That was surprisingly easy wasn't it?

MySQL is good like that for the simple jobs, but of course we're a long way from finished since at this stage all we have is what looks like two tables in a spreadsheet.

So now we turn to PHP.

Remember from our previous exposure, we described PHP as the glue that could connect parts of web pages together. In this case we will use it to glue our MySQL database to our JavaScript.

What we need it to do is to carry out our queries and return the information in a format that d3.js can understand. In this instance we will select JSON as it's probably the most ubiquitous and it suits the format of our original manual data.
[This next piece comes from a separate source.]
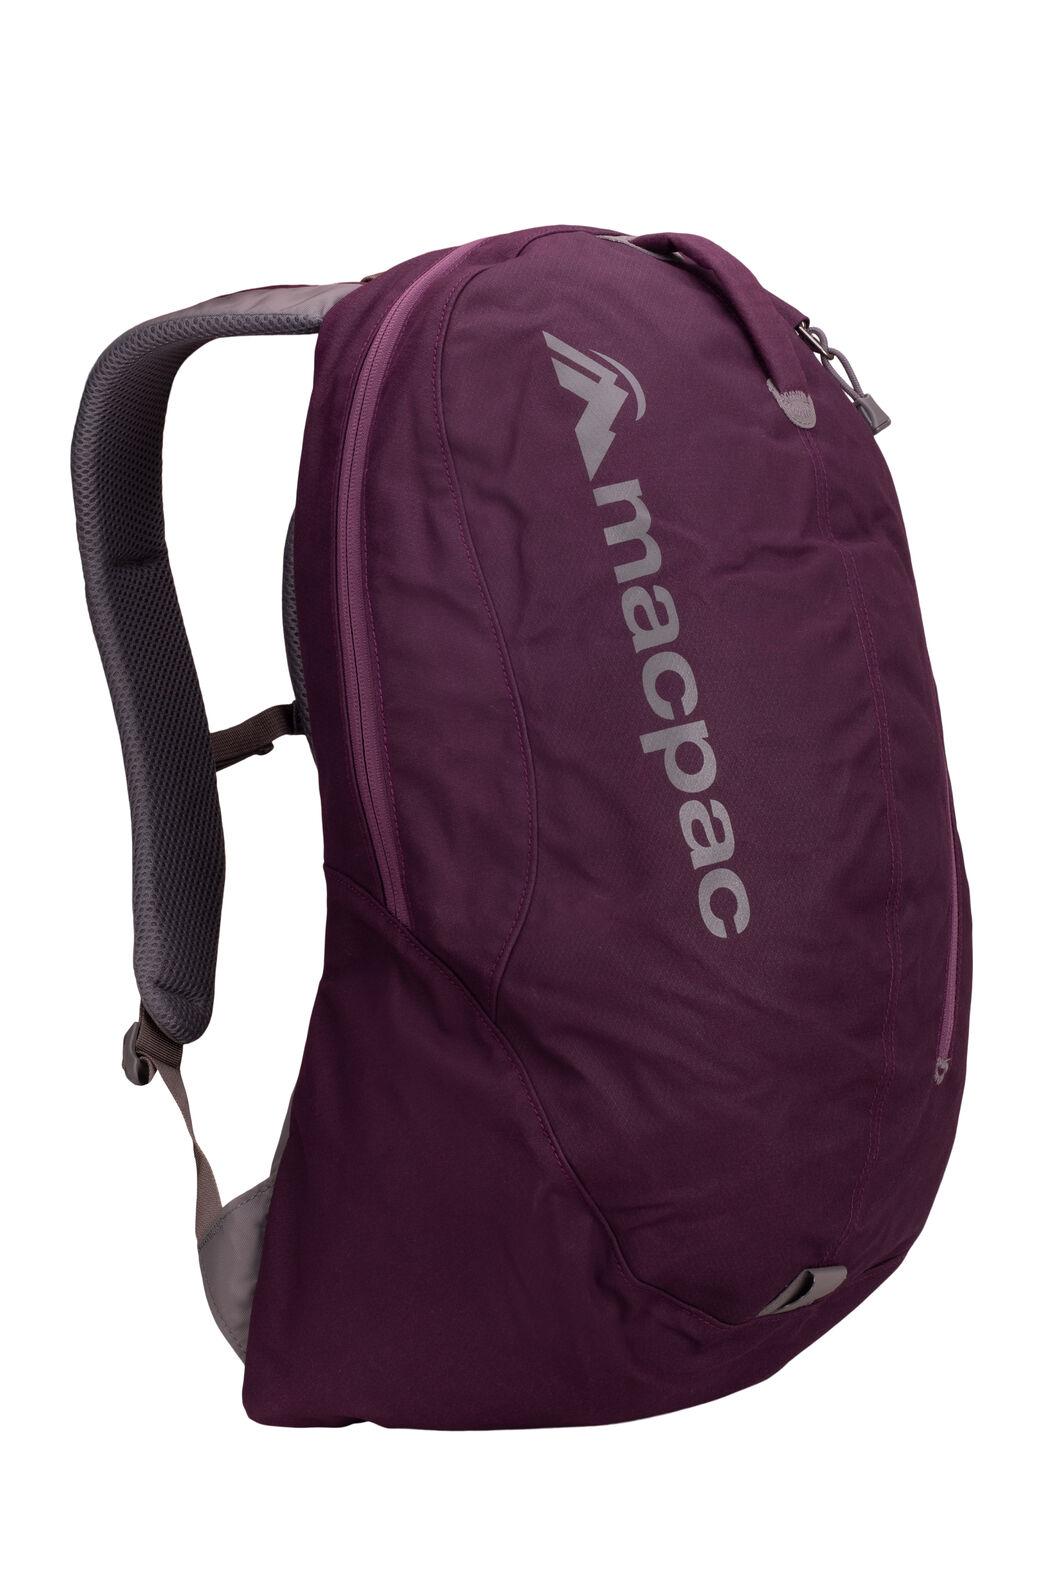 Macpac Kahu 22L AzTec® Backpack, Potent Purple/Grey, hi-res

Let's cut to the chase and look at the code that we'll use.
<?php
    $username = "homedbuser"; 
    $password = "homedbuser";   
    $host = "localhost";
    $database="homedb";
    
    $server = mysql_connect($host, $username, $password);
    $connection = mysql_select_db($database, $server);

    $myquery = "
SELECT DISTINCT(`source`) AS name FROM `sankey1`
UNION
SELECT DISTINCT(`target`) AS name FROM `sankey1`
GROUP BY name
";
    $query = mysql_query($myquery);
    
    if ( ! $myquery ) {
        echo mysql_error();
        die;
    }
    
    $nodes = array();
    
    for ($x = 0; $x < mysql_num_rows($query); $x++) {
        $nodes[] = mysql_fetch_assoc($query);
    }

    $myquery = "
SELECT `source` AS source, `target`  as target, COUNT(*) as value 
FROM `sankey1`
GROUP BY source, target 
";
    $query = mysql_query($myquery);
    
    if ( ! $myquery ) {
        echo mysql_error();
       die;
    }
    
    $links = array();
    
    for ($x = 0; $x < mysql_num_rows($query); $x++) {
        $links[] = mysql_fetch_assoc($query);
    }

echo "{";
echo '"links": ', json_encode($links), "\n";
echo ',"nodes": ', json_encode($nodes), "\n";
echo "}";

    mysql_close($server);
?>
Astute readers will recognise that this is very similar to the script that we used to extract data from the MySQL database for generating a simple line graph. If you haven't checked it out, and you're unfamiliar with PHP, you will want to read that section first.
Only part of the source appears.